Oil prices tend to react quickly and significantly to shifts in supply because of the small number of countries that control production. You shouldn’t worry about the impact, but rather use it to your financial advantage.
Consider the current crisis in Ukraine as an illustration. As a result of international sanctions imposed on Russia, one of the world’s main exporters of black gold, prices have risen to levels not seen in nearly ten years.
As most CFD traders using Khwezi Trade are aware, such price fluctuations present a significant opportunity. Oil prices are likely to remain high so long as tensions and sanctions are rising, but they are likely to fall in response to any significant and sustained rupture or reduction of sanctions.
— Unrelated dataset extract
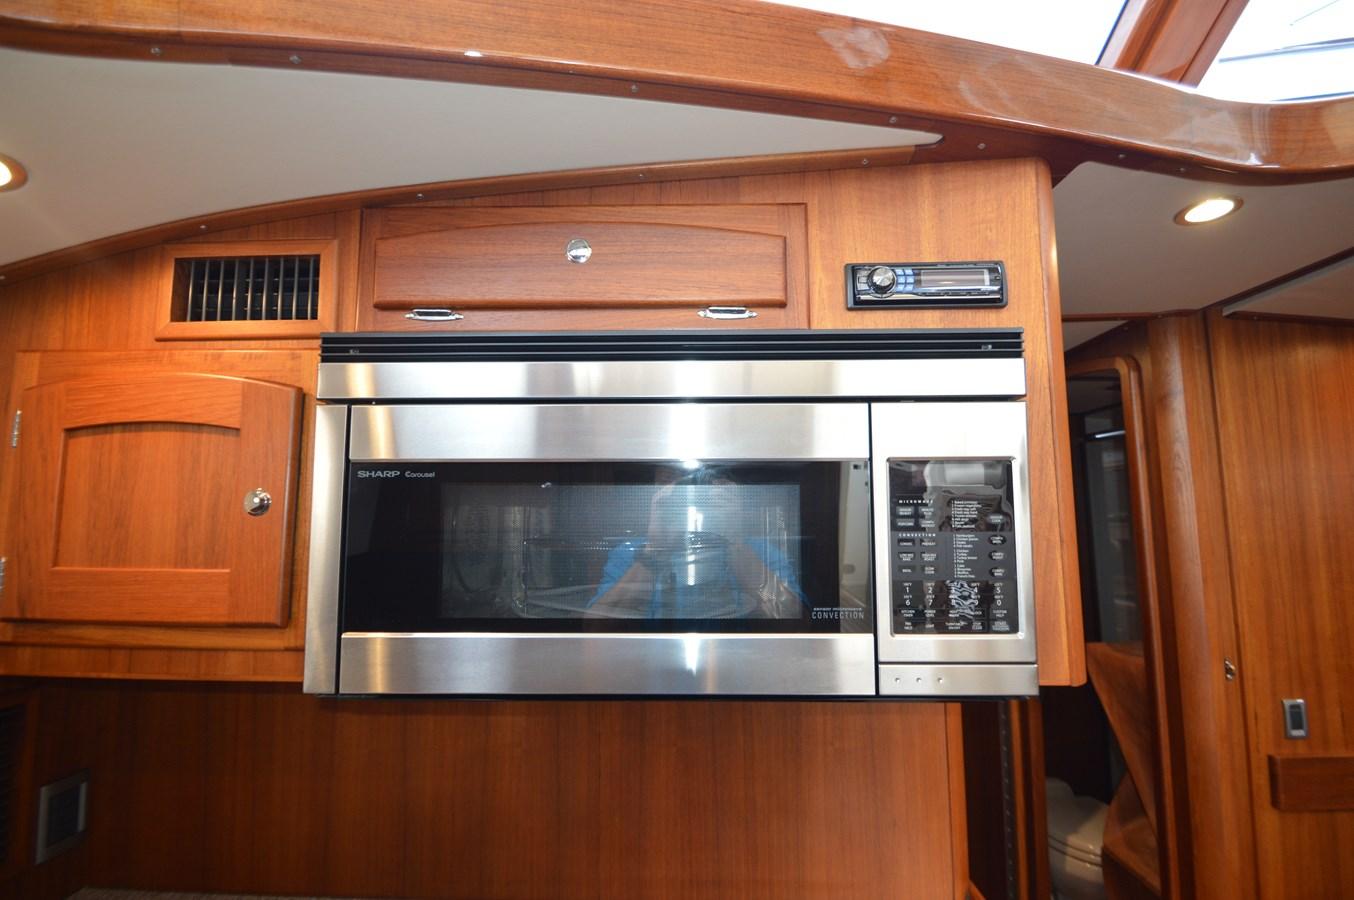 Microwave - 48 SAN JUAN For Sale

Oil demand growth is forecast to outpace total supply growth in 2023 by a small margin. This indicates that prices will rise slightly from their current levels (by the end of 2022).
Escalating geopolitical tensions (which are still threatening) and the likelihood of a faster-than-expected economic recovery in China (should covid policy see increased and more permanent easing) are the key upside ‘risks’ to oil prices.
Oil demand is likely to fall as a result of the slowing economy in the United States as well as in Europe and the United Kingdom. According to OPEC, the most demand growth would come from developing countries like China and India.
In 2023, the growth of these economies is predicted to be between 5% and 6%. There is an opportunity (upside risk) for demand to grow if China’s crackdown on crime is relaxed even more by relaxing its zero-tolerance policy.